Monsanto has steadfastly claimed that Roundup is harmless to animals and humans because the mechanism of action it uses (which allows it to kill weeds), called the shikimate pathway, is absent in all animals. However, the shikimate pathway IS present in bacteria, and that's the key to understanding how it causes such widespread systemic harm in both humans and animals. The bacteria in your body outnumber your cells by 10 to 1. For every cell in your body, you have 10 microbes of various kinds, and all of them have the shikimate pathway, so they will all respond to the presence of glyphosate.

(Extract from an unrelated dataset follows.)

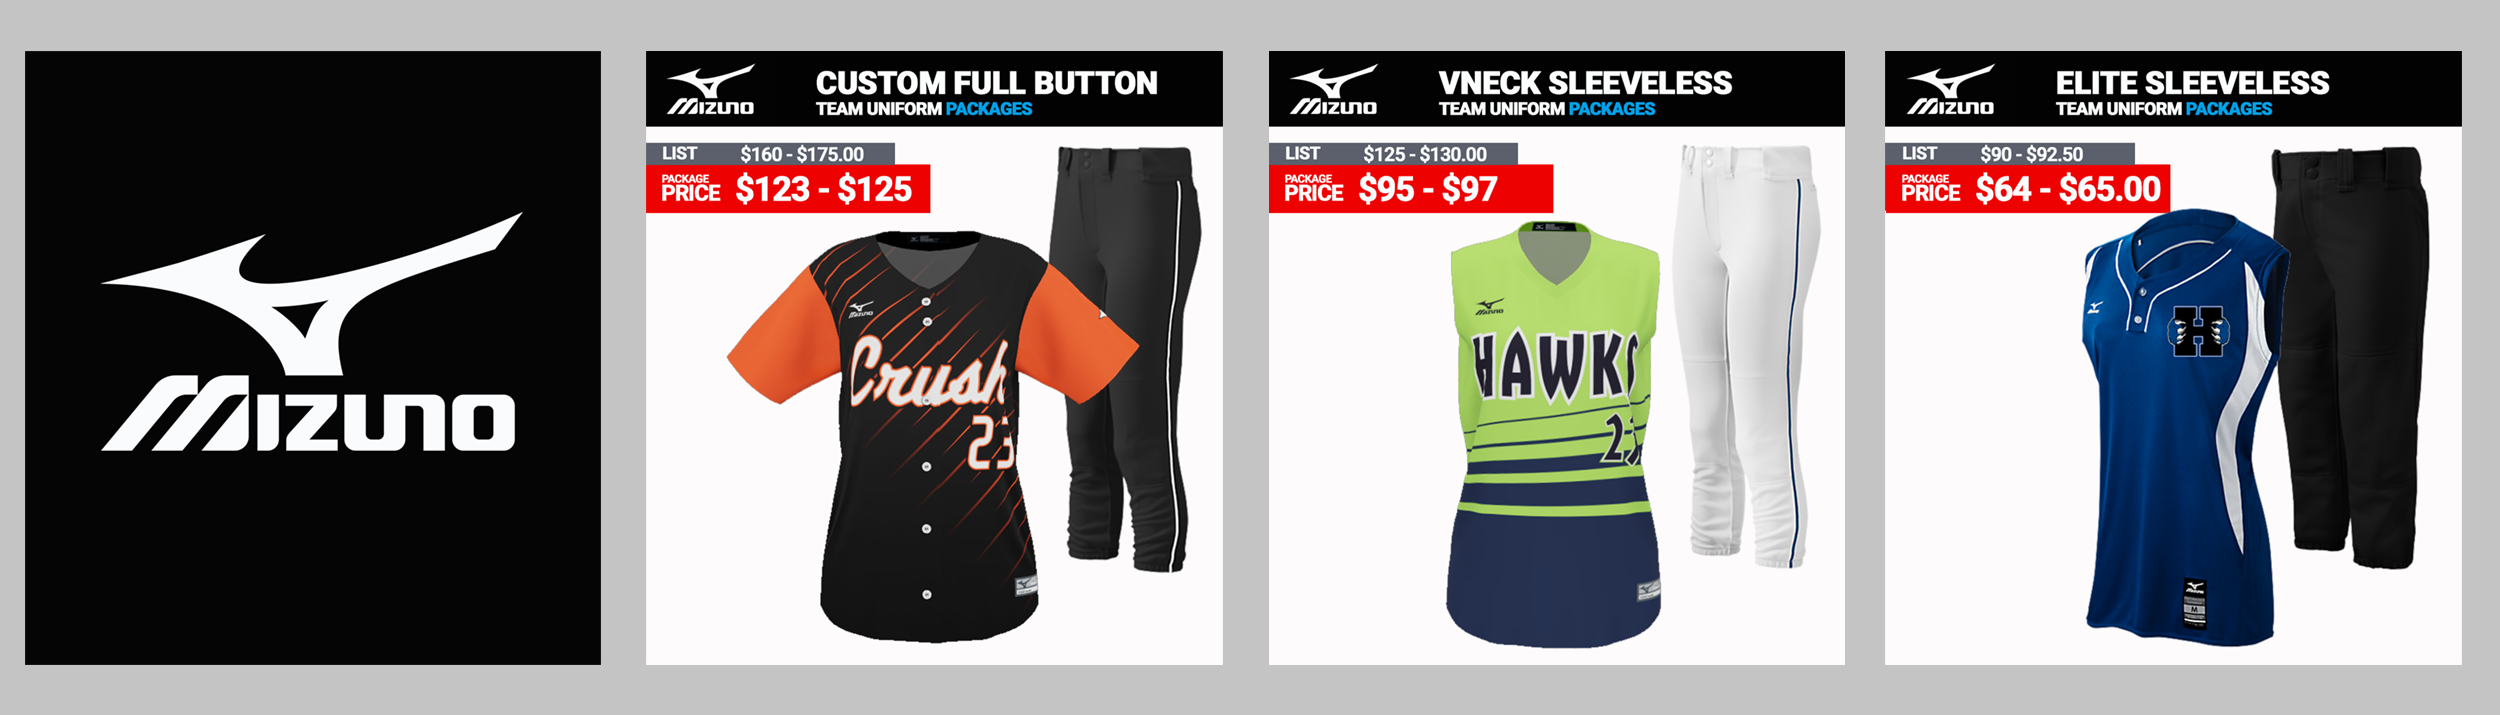 fastpitch softball team uniform packages

How Chemical Technology Industry Fooled You into Thinking GE Crops Are 'the Most Tested' Products in the World

Contrary to what the chemical technology industry is telling you, genetically engineered foods have never been proven safe for human consumption over a lifetime, let alone over generations. Monsanto and its advocates claim genetically engineered crops are "the most-tested food product that the world has ever seen," but what they don't tell you is that:

  1. Industry-funded research predictably affects the outcome of the trial. This has been verified by dozens of scientific reviews comparing funding with the findings of the study. When industry funds the research, it's virtually guaranteed to be positive. Therefore, independent studies must be done to replicate and thus verify results. So far, independent researchers are NOT coming up with favorable results. Quite the contrary. And the industry fights tooth and nail to eliminate such findings from the official record.
  2. The longest industry-funded animal feeding study was 90 days, which recent research has confirmed is FAR too short. In the independently funded lifetime feeding study I just mentioned, massive health problems set in during and after the 13th month, including organ damage and cancer. When you consider that a rat lives for about two years, compared to the human lifespan of about 80 years, the ramifications of this negligent approach of doing safety studies too short to detect problems that might develop within the lifetime of a human consumer should be quite apparent, since most Americans now unwittingly feed their children GE foods from infancy. Is it really appropriate to deem a food safe if it might rob our children of one-quarter of their already limited lifespan? Science and technology should help us live productive, healthy lives into our 100s, not cut it down to 50!
  3. Companies like Monsanto and Syngenta rarely if ever allow independent researchers access to their patented seeds, citing the legal protection these seeds have under patent laws. Hence, independent research is extremely difficult or nearly impossible to conduct. If these scientists get seeds from a farmer, they sue them into oblivion as one of their favorite tactics is to use the legal system to their advantage. Additionally, virtually all academic agricultural research is controlled by Monsanto as they are the primary supporters of these departments and none will risk losing their funding.
  4. There is no safety monitoring. Meaning, once the GE item in question has been approved, not a single country on earth is actively monitoring and tracking reports of potential health effects.